Are the German election results and the Catalonia referendum a wake up call for the EU?
Major political decisions of Spain’s Catalonia region and Germany’s former Prussia, (lately East Germany), are influenced by their history despite their distinct means and objectives.
Both are trying to shape a future perceived to be compatible with the historical perspective of their self-image. While many Catalonians seek independence from Spain, Germany happily reunited in 1990 and is now seeing its political power balance imperceptibly mutating.
In the long-term, both can stoke a crisis of unity within sovereign member states and the European Union (EU). Catalonian demands for independence will encourage simmering independence movements in Spain, Belgium, the United Kingdom, France and Italy. They will no doubt be contained, but the cost could be high. When such movements get out of hand, they can only be reined in by decisive and often violent action which operates under the suspension of hard-won civil liberties. At the end of the day, no European wishes to cede these privileges.
If Prussian aspirations start nudging Germany eastwards, it will reduce the current ethos of the western alliance, hotly contested by the United States and France by bringing to bear their full might in trade privileges. If German stodginess is inspired by Spanish flamboyance, it could lead to trade skirmishes short of a full-blown trade war.
Catalonians who felt that being part of Spain threatened their language and culture wished for a referendum to choose independence, organised by the provincial government of Carles Puigdemont, president of the Generalitat of Catalonia for October 1st. Prussians are hoping to use Angela Merkel’s unpopular economic and immigration policies to redirect Germany’s interests eastward to revive the fundamentals of classic Prussian foreign policy.

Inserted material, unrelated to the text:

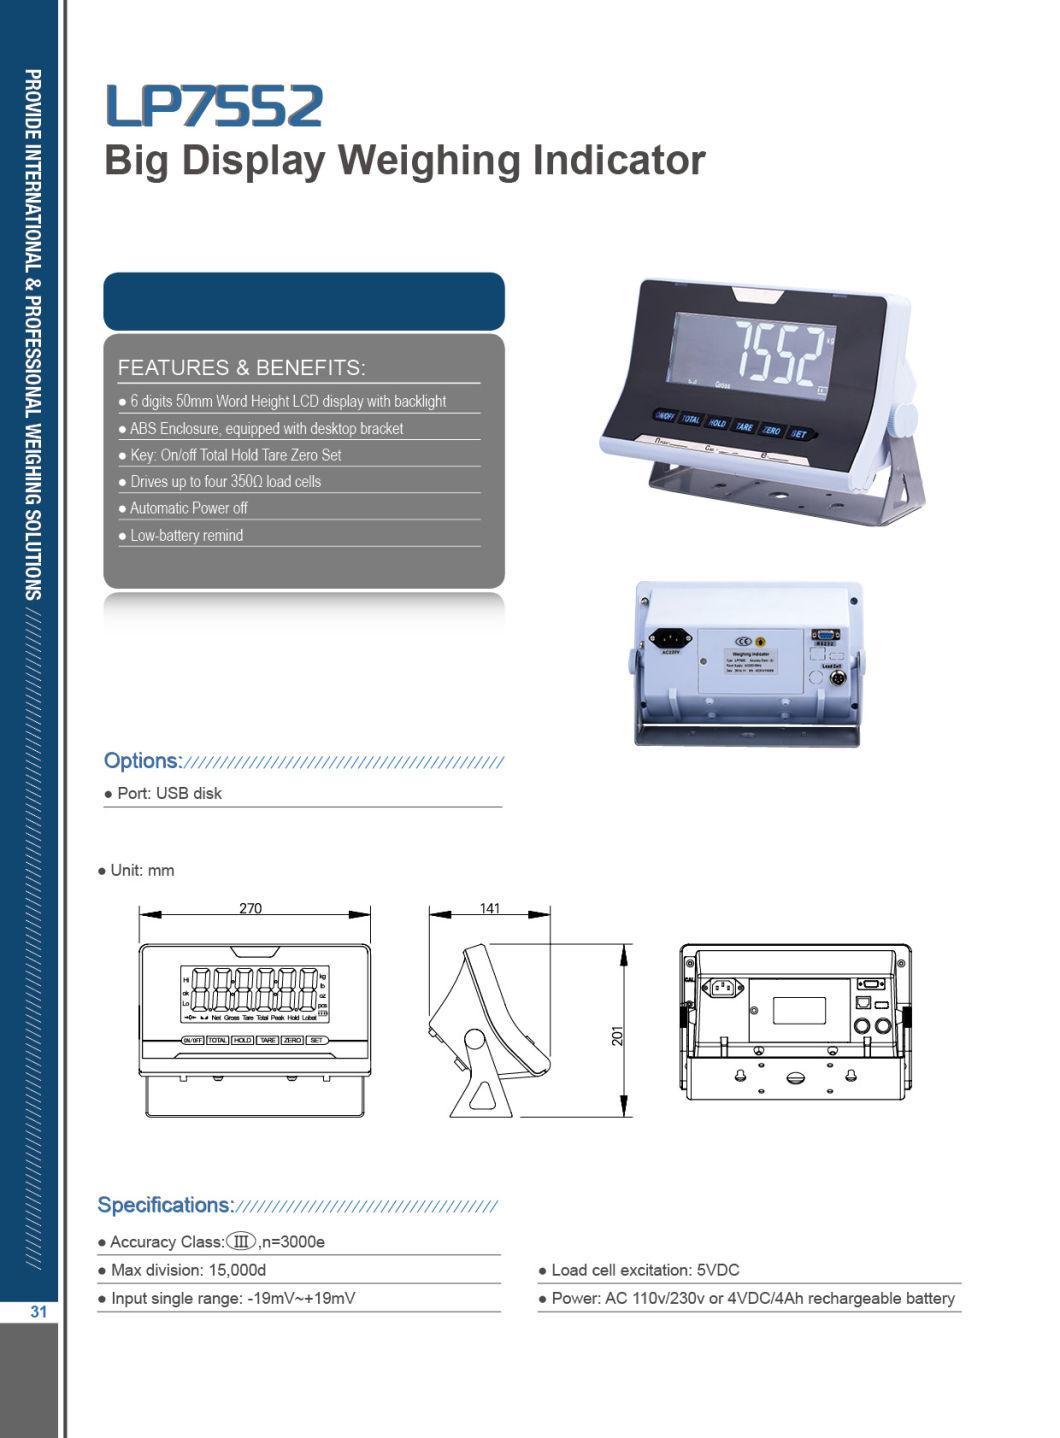 China Professional Manufacture Electronic Digital Indicator, Weight Indicatorcustoms Data

Catalonia seeks to treat its cultural nostalgia whereas the historical Prussia suffers from political melancholy and contempt for the Rhineland to which it has had to cede decision-making.
In 1923, hoping to shed Prussian domination forever, Konrad Adenauer, later West Germany’s first post-war chancellor, unsuccessfully solicited Franco-British support to form an independent state of West Germany.

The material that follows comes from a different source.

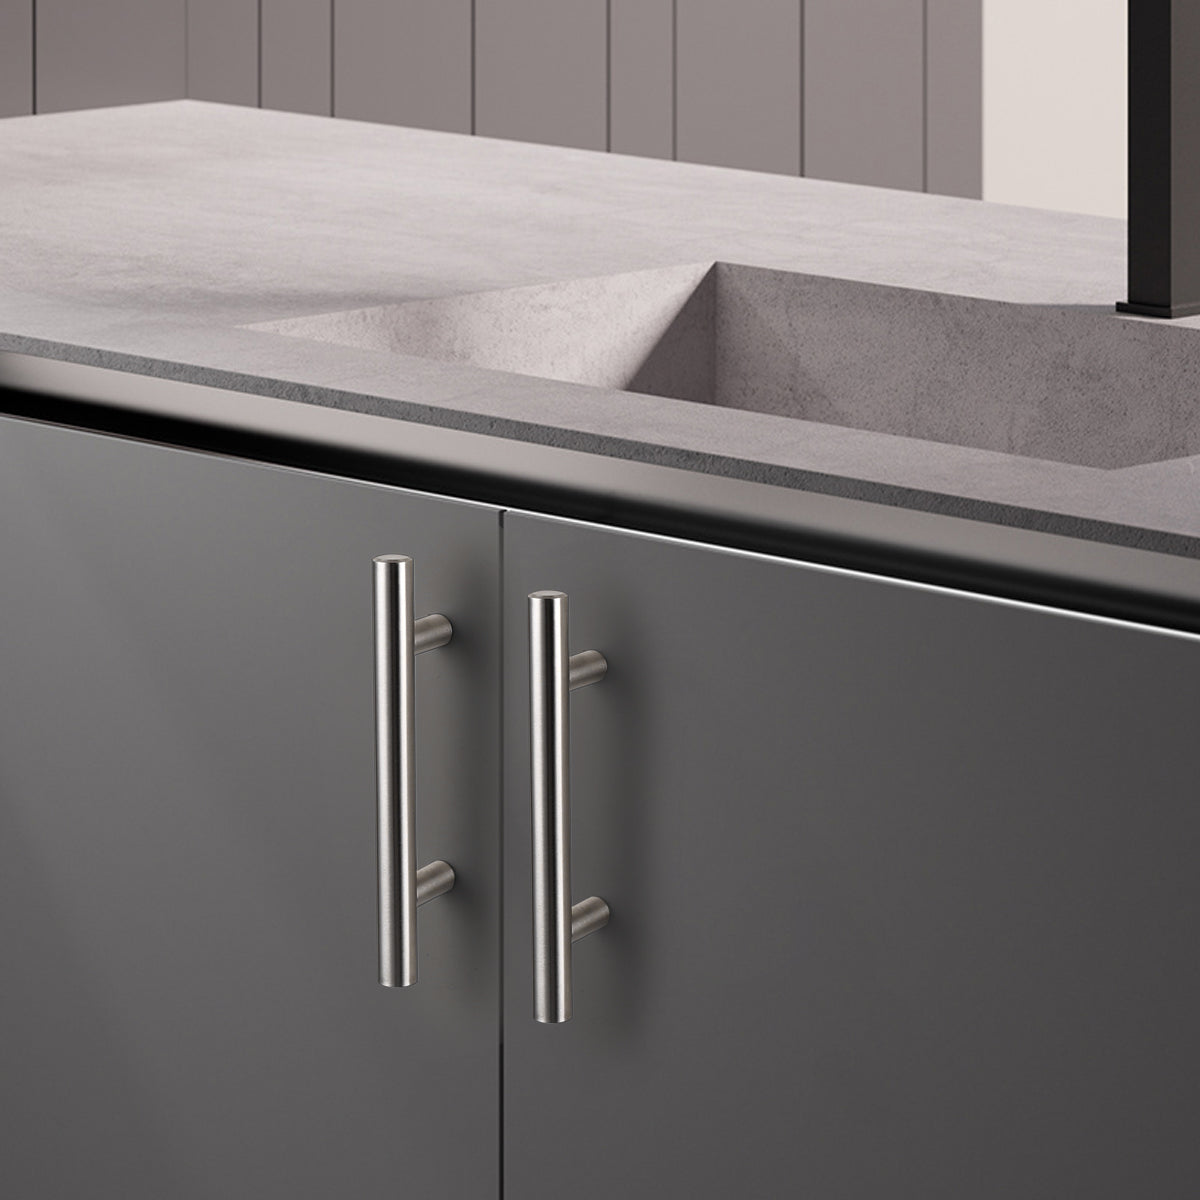 Probrico Stainless Steel Cabinet Handles Brushed Nickel Kitchen Hardwa

That dream was realised in 1947 when the allies divided Germany. The separation of East and West Germany did neither any good and, Helmut Kohl’s historic achievement of reuniting both parts has not received a significant public complaint within Germany. Yet, the bulk of Merkel’s support comes from the western Rhineland of vineyards which sees France as its most natural ally.
Although Catalonia, too, borders France, demands for its independence are fuelled by the perceived threat of cultural genocide by Madrid. The 2010 Spanish supreme court decision that overruled the financial autonomy and preference of the Catalan language granted under the 2006 statute only reignited demands for independence, finally leading to the referendum of October 1st, roundly condemned as unconstitutional and illegal by Madrid, with Spain’s constitutional court suspending the vote. After all, the 32,108 square kilometre region provides one-fifth of Spain’s Gross Domestic Product (GDP) with a 10€ billion surplus with Madrid.
On September 24th, all policing in Catalonia was brought under Madrid’s control and Spain’s prime minister unequivocally declared,
“It won’t happen!”
Of Catalonia’s electorate of 5.23 million, turnout was 2.26 million, or 42.3% of which a resounding 90% apparently voted “Yes” for independence, despite an intimidating police presence and some clashes.
King Felipe VI of Spain reminded the secessionist leaders that they had acted “outside the law” and that Catalan society was “fractured”. Puigdemont, promised his government would shortly declare independence. Thousands of protesters took to the streets in Barcelona. Catalans in favour of independence are now crying for EU involvement.
Germany had no referendum or riots, but a general election.
Merkel was able to maintain her conservative Christian Democrat /Christian Social Union (CDU/CSU) alliance as the largest representation in Germany’s parliament at 33%, the bloc’s worst result in seventy years. After facing devastating losses with 20.5%, Social Democratic Party of Germany (SPD), the coalition’s recent partner, has now jumped ship for the opposition benches.
The right-wing populist and nationalist Alternative für Deutschland (AfD), alternative for Germany, made its maiden entry into the Bundestag, claiming third place with 12.6%, thanks to one-fifth of the votes in former Prussia. The AfD resurgence indicates that the hibernation of historical Prussian aspirations has started thawing. For the first time since World War II, the parties in the Bundestag represent Germany’s historical divisions, while their proportions reveal a reaction to the EU bureaucracy’s high-handed policies.
The Great European Dream of offering the world an alternative to American leadership is based on the assumption that the surface area of a country still determines its ability to lead other countries. It also presumes that the sum of the 2007 Treaty of Lisbon pundits and time-serving bureaucrats can succeed where the likes of Charlemagne and Frederick the Great did not.
That tall order stretches the boundaries of self-esteem.
In ‘The Rise and Fall of the Great Powers: Economic Change and Military Conflict from 1500 to 2000’ (1987), Paul Kennedy posits that the key to Europe’s world domination in its heyday was not the unity of a super-state. A series of highly competitive rival states fighting to outdo each other in science, technology, and trade ended up with a lead on the rest of the world.
The Treaty of Lisbon pundits ignored ground realities to market their dreams. They reinvented the Brussels bureaucrats as Dream Merchants who now have to babysit a watered-down version of the Soviet Union within which Catalonian secession seeks legitimacy and offers a dangerous precedent to the Basques, Scots, Flemish, Corsicans and Padania and South Tyrol (Italy). If some clique of senior bureaucrats in Brussels thinks that breakaway parts of countries within the EU is the way forward for a super state to emerge, they are playing with the fire of multiple civil wars.
Spanish resilience and determination should not be underestimated, and neither should Catalonian guile. Both sides were realistic enough to realise that the semantics of independence were designed to squeeze further concessions from Madrid. Give in to Catalonia, then the Spanish Basques, and Spain would be history.
Even as the echoes of the referendum bounce off the mountainsides, it is a fair bet that backroom deals are underway.
Brexit mocks the EU’s own future and Germany’s election results raise long-term questions on the future of the western alliance itself.
Brussels’ micro-management of the internal affairs of sovereign nations has caused cracks within the EU on the one hand, and on the other hand, encouraged secession, as in Spain, one of its key prominent members.
Instead of obsessing about creating a democratic super-state, Brussels would be well advised to fulfil its primary role of managing a trading zone to ensure peace and prosperity across the length and breadth of Europe, thereby painlessly projecting its soft power.